┌──

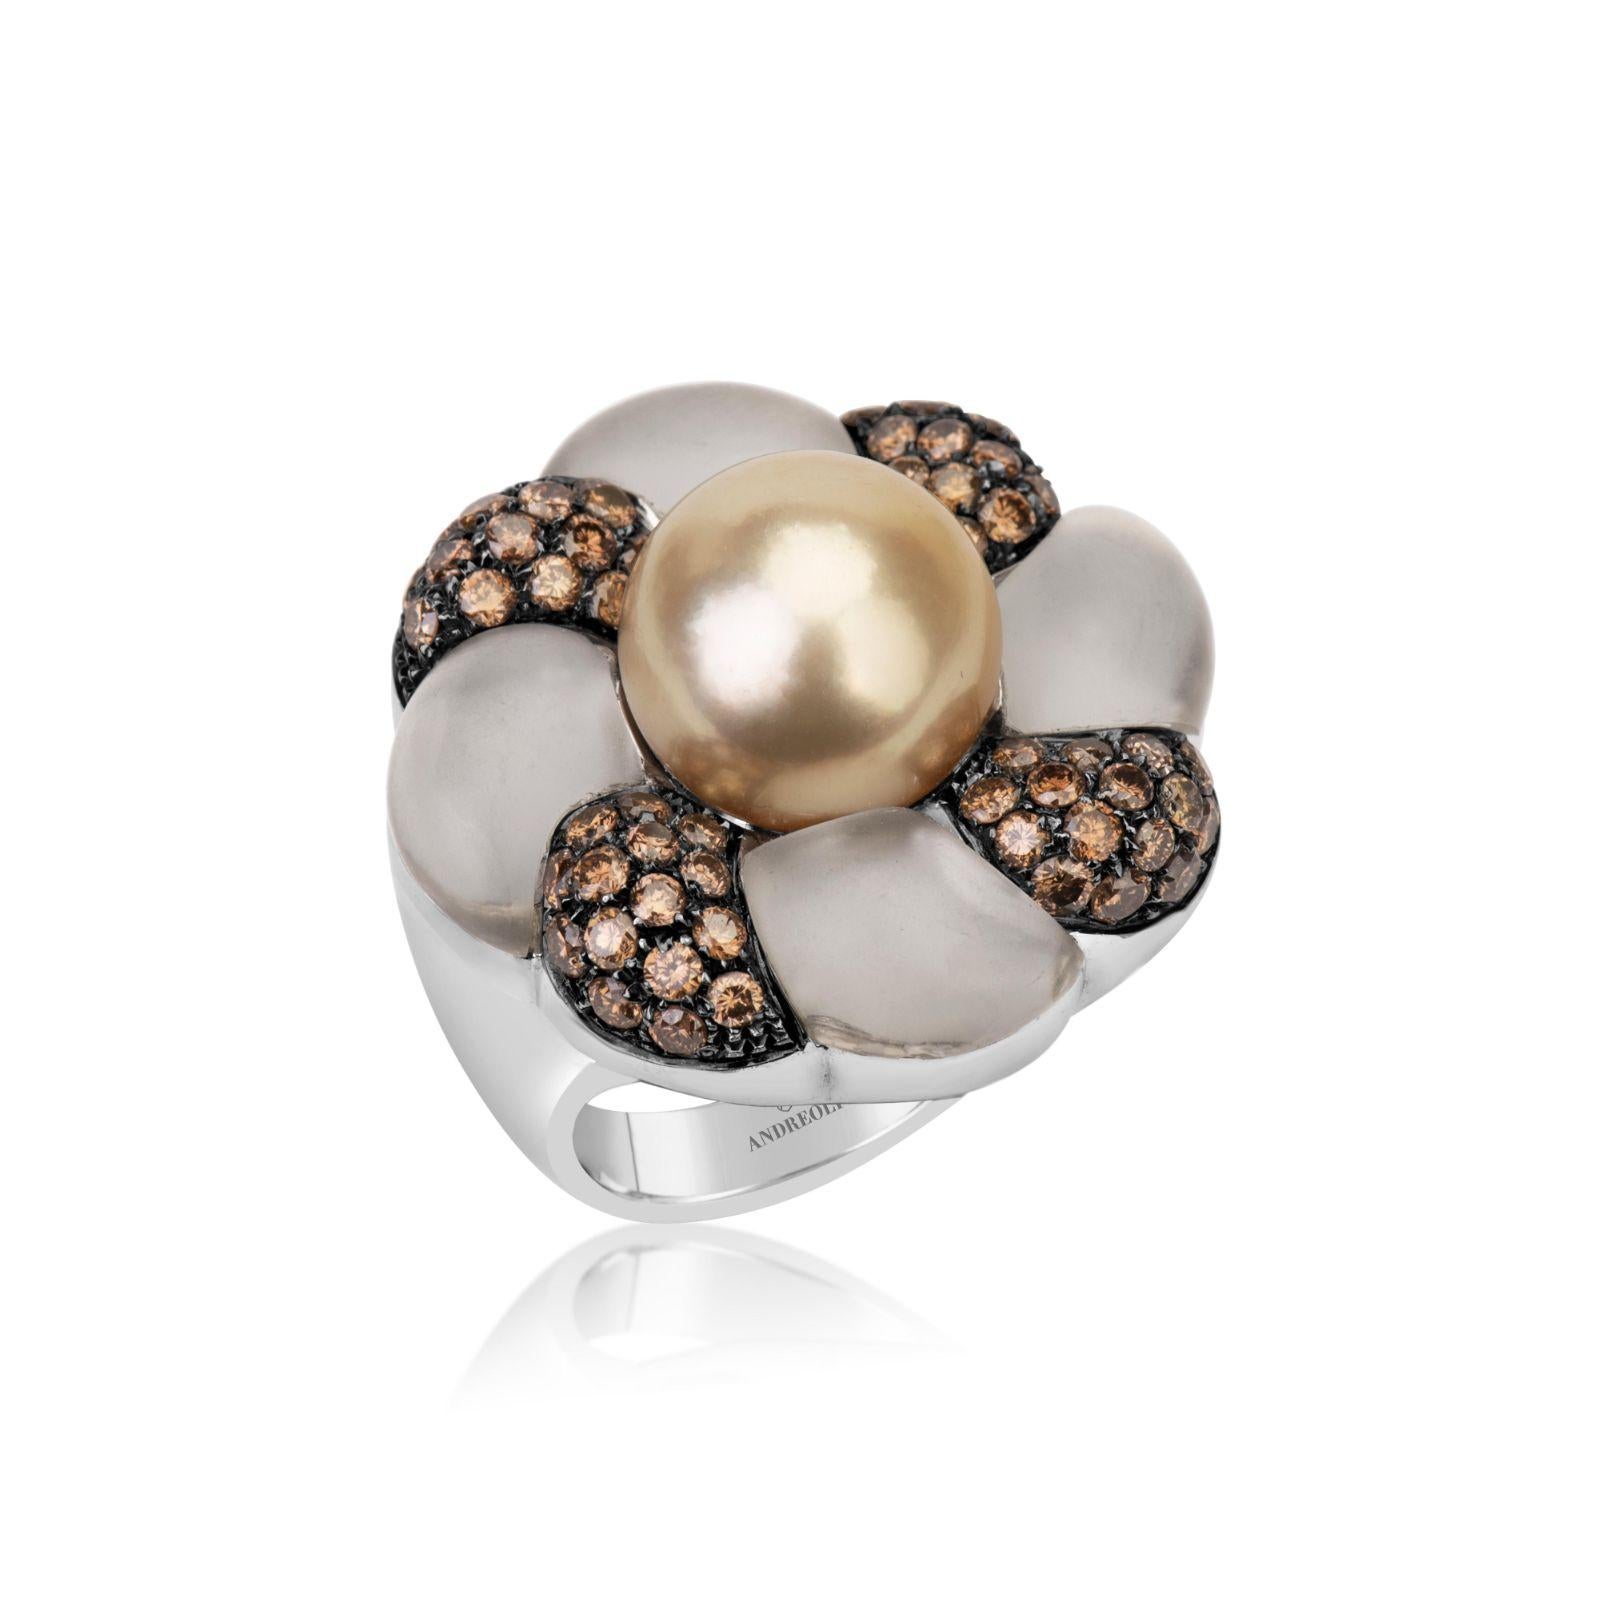 Andreoli Brown Diamond Rock Crystal Golden Pearl 18 Karat Yellow Gold Ring

This ring features:
- 2.00 Carat Brown Diamond
- Rock Crystal
- Golden Pearl
- 22.00 Gram 18K Yellow Gold
- Made In Italy

└──

_TASK PROMPT:_ Reproduce the lines from the one containing "- 2.00 Carat Brown Diamond" to the end of the entries, keeping both ends and adding nothing.

_RESULT OF THE TASK:_
- 2.00 Carat Brown Diamond
- Rock Crystal
- Golden Pearl
- 22.00 Gram 18K Yellow Gold
- Made In Italy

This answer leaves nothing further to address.